Uwaga, utwór może zawierać treści przeznaczone tylko dla osób pełnoletnich!

Serce nie sługa cz.3

Przez kilka sekund trwaliśmy nieruchomo, mierząc się wzrokiem. Dopiero po chwili szybkim ruchem sięgnąłem po ręcznik i niezdarnie się nim owinąłem.

- Co to ma znaczyć? - Starałem się nadać mojemu głosowi groźne brzmienie, ale ponieważ z czubka nosa kapała mi woda, a kolana wciąż miałem miękkie po niespodziewanym najściu, nie bardzo się to udało.

- Zajął pan mój apartament!

Rezerwowałam go już kilka tygodni temu na ten termin, więc proszę się spakować i zmienić pokój. Z hotelem już wszystko załatwiłam.

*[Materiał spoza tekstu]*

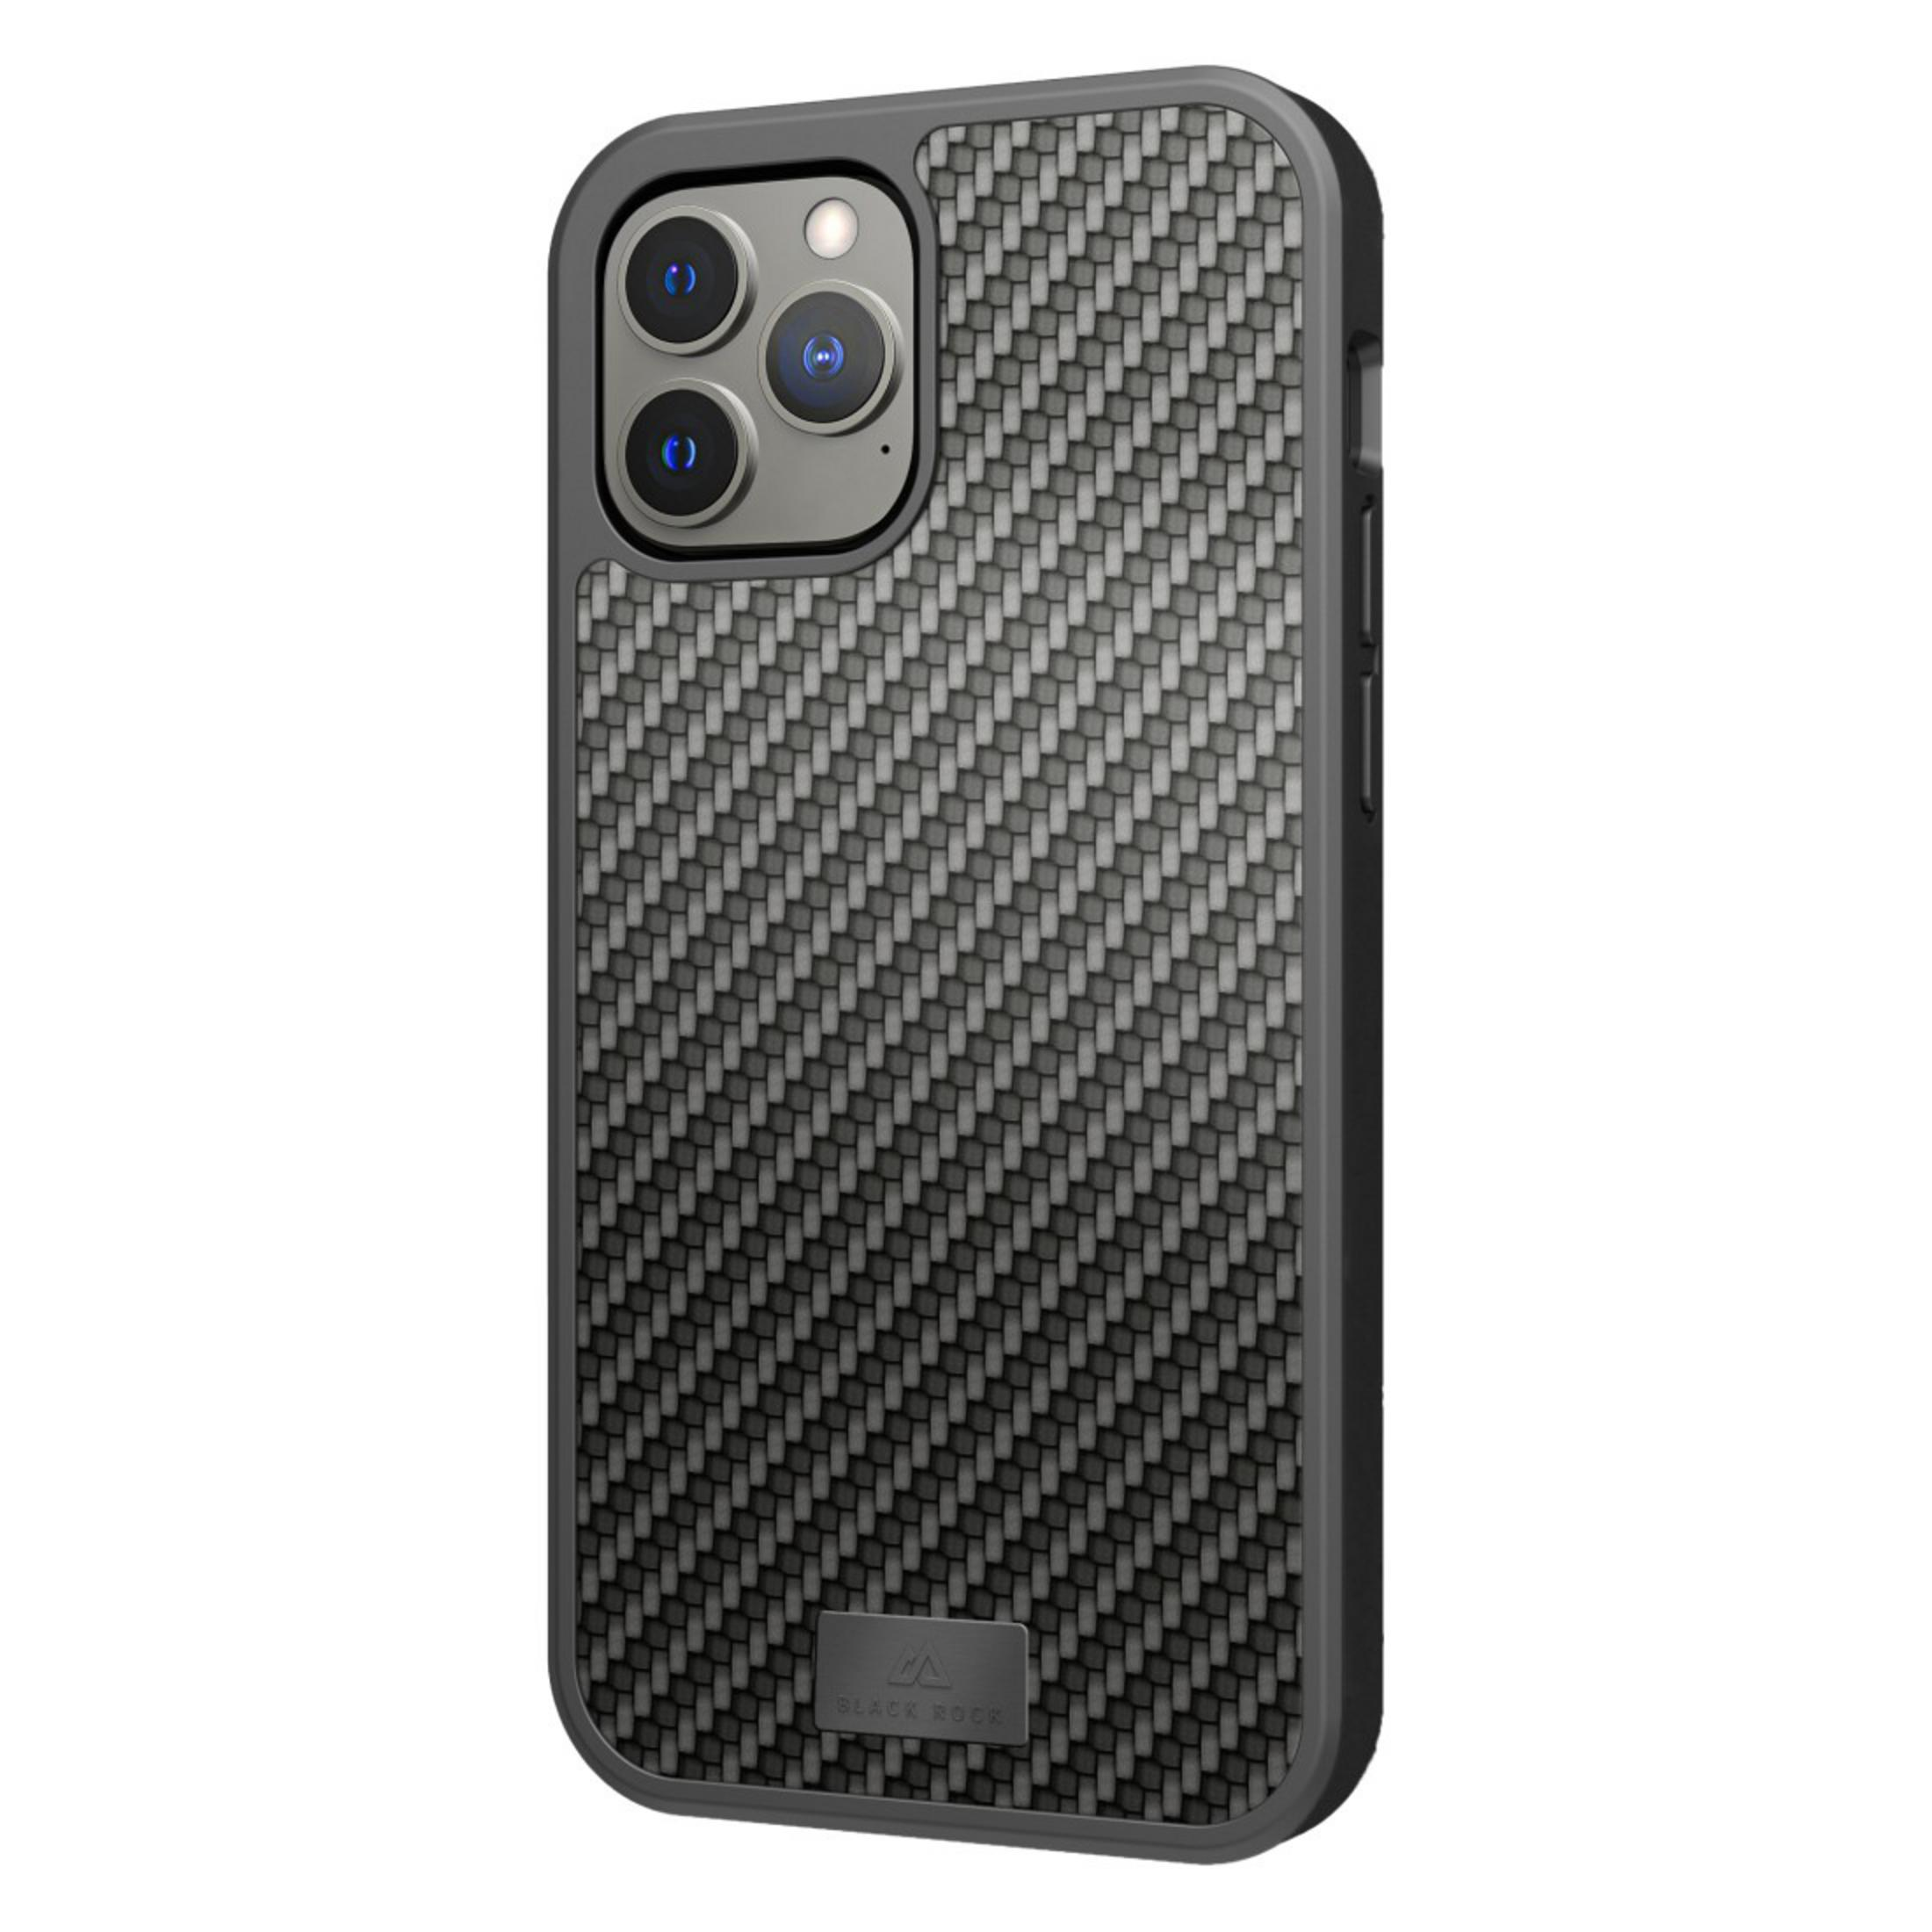 PROTECTIVE Backcover, 13 Apple, MAX ROCK Schwarz IPH13 CARBON BLACK Pro iPhone 217046 Max, C. SW, REAL PRO

Wkurzyły mnie nie tyle słowa, co ton głosu, którym zostały wypowiedziane. Arogantka jedna! Wpada mi tu bez pukania i w dodatku każe się przeprowadzać, nie wnikając nawet w to, czy mój pobyt tutaj jest słuszny, czy też nie. Wierzchem dłoni otarłem mokry nos i jeszcze szczelniej otuliwszy się ręcznikiem, hardo uniosłem głowę.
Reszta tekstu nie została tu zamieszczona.